We knew that the Supreme Court’s opinion in Daimler AG v. Bauman, 134 S. Ct. 746 (2014), was a game changer the first time we read it. Gone is the concept of general personal jurisdiction that we learned in law school, where a defendant’s “continuous and systematic” contacts with a forum could allow a plaintiff to bring any and all causes of action against that defendant in that forum. Personal injury claims, business disputes, consumer claims, claims that the day is too long, that the night is too dark, or that Zane should never have left One Direction. Whatever. General jurisdiction means that a defendant can be held to respond without regard to the subject matter of the lawsuit.

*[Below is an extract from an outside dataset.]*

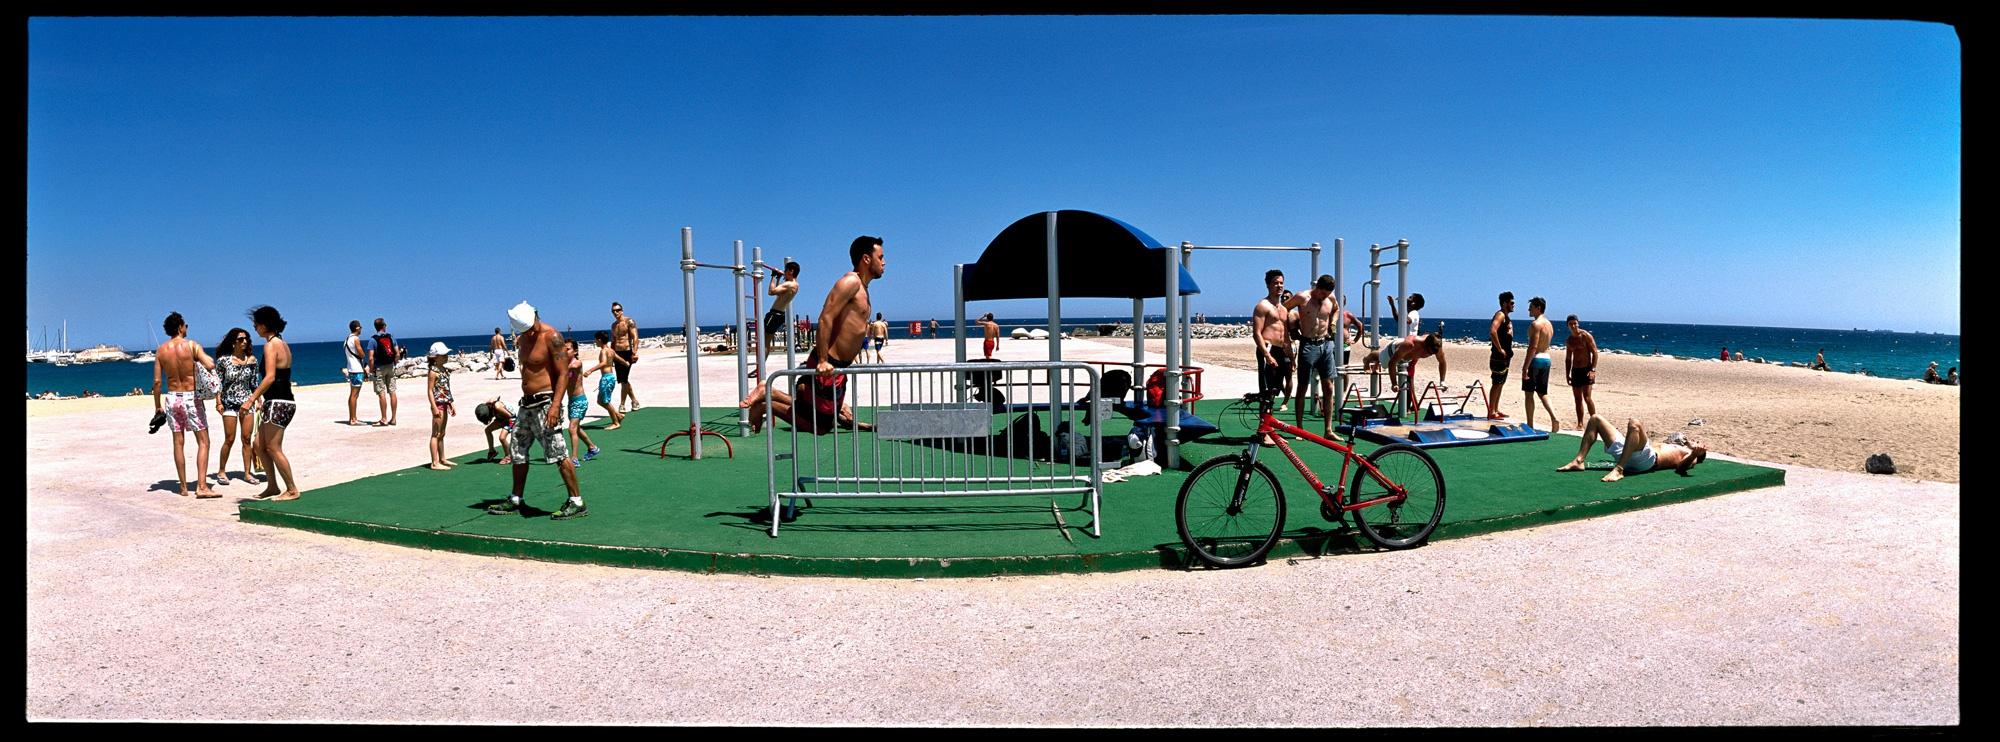 Fitnessplatz Barcelona Strand

In its place we have the properly recalibrated principle that a defendant can be subject to general personal jurisdiction only in forums where it is “at home”—which for a corporation means the place of incorporation and the principal place of business. This rule places no undue burden on plaintiffs: A plaintiff can still proceed in the defendant’s home forum, and we still have specific personal jurisdiction, under which a plaintiff can proceed against a defendant in a forum where the dispute arises from the defendant’s forum contacts. The Supreme Court merely reestablished that the Constitution will not permit importing disputes into forums where they absolutely do not belong. We are on board with that.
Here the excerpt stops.